I still have 12 hours til the meat was supposed to be done but it looks like it will be done in 4.... my other concern is the pork coming out dry from cooking too fast.
I turned the temp way down on my gas grill and so far the butts have dropped about 10 degrees to 160. Any advice on what can be done to save this meat? Is it already too late and is it gonna be dry?


----------



## gr0uch0 (Nov 13, 2016)

How long have they been on, and did you calibrate your thermometer in boiling water?


----------



## miklman3477 (Nov 13, 2016)

No I did not calibrate it. They have been on 8 hours now and holding steady at 160. Hopefully I can keep it in the stall for a while.


----------



## SmokinAl (Nov 13, 2016)

This is pretty normal.

They get up to the 160-170 range real fast then stall or start to slow down.

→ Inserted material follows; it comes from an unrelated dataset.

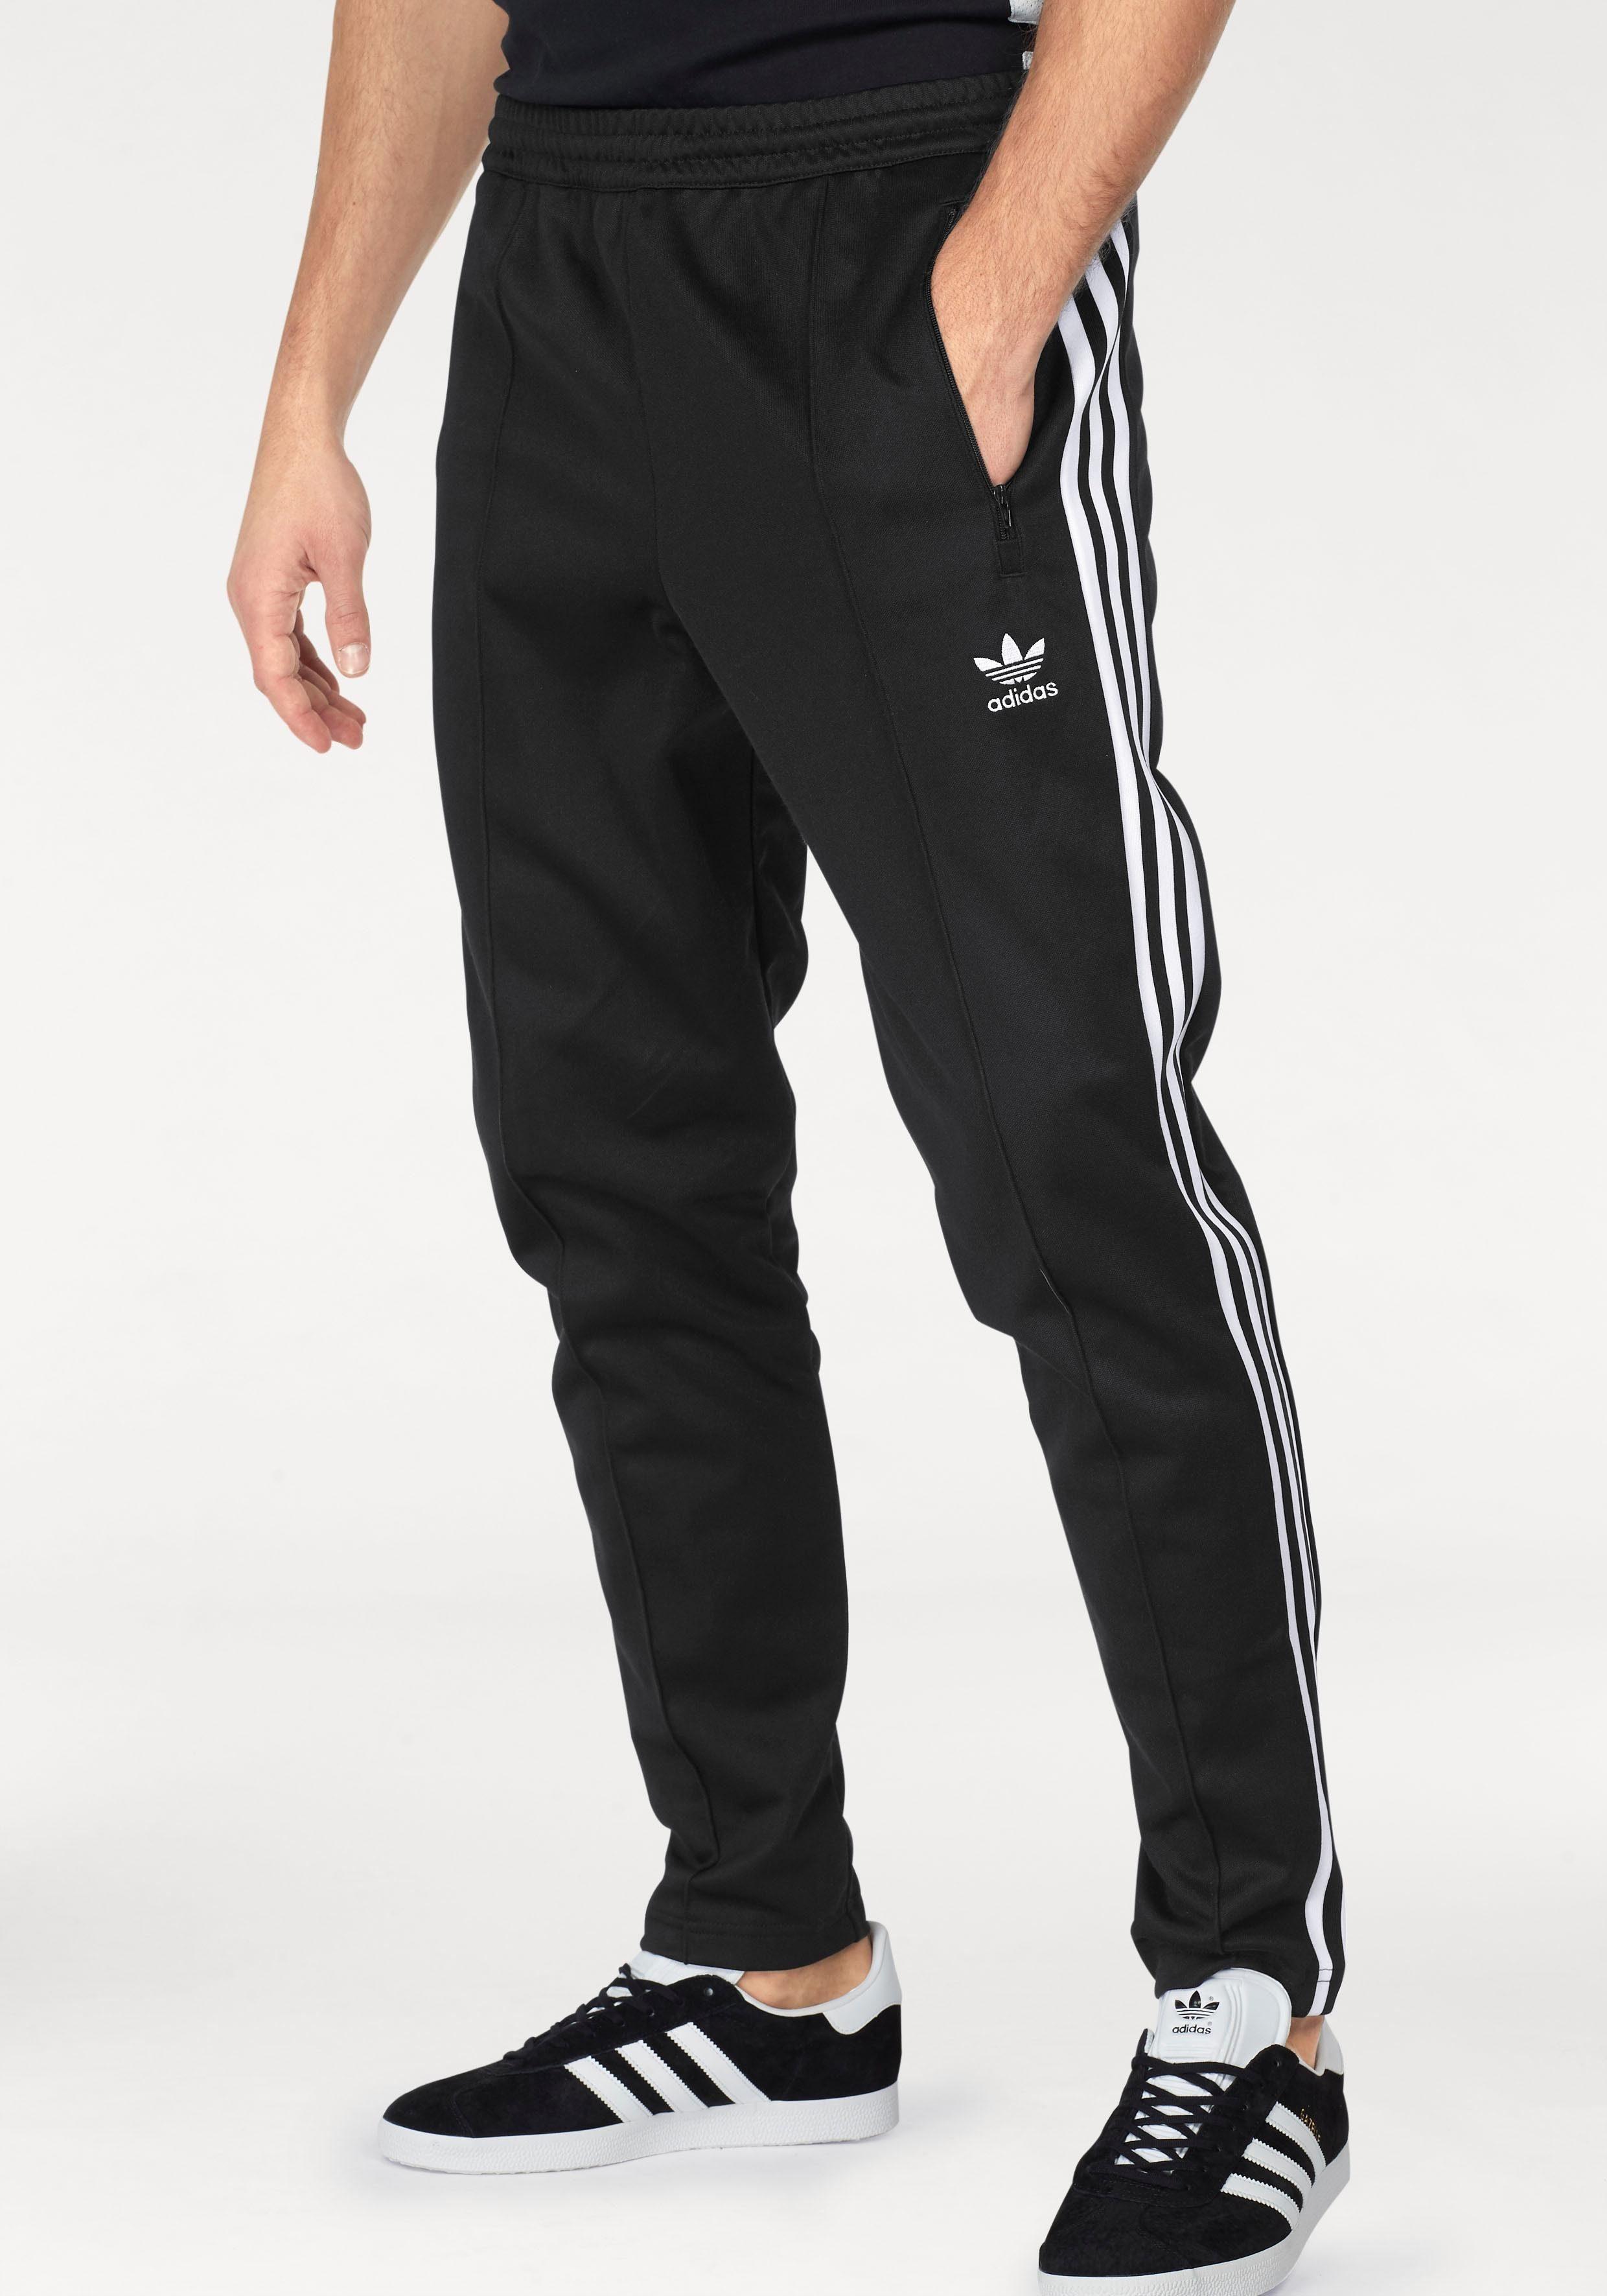 OTTO SALE | Herren adidas Originals Trainingshose »FRANZ BECKENBAUER TRACKPANTS« blau, schwarz | 04059805604629

If they get done too soon you can keep them in a 170 degree oven wrapped in foil for hours until you are ready to pull them.

Al


----------



## seenred (Nov 13, 2016)

Hello miklman,

First off, I'm not sure why you believe if it cooks fast it'll be dry.  Not true.  If you cook it until it reaches an internal temp (IT) of 200-205*, it will be tender and moist.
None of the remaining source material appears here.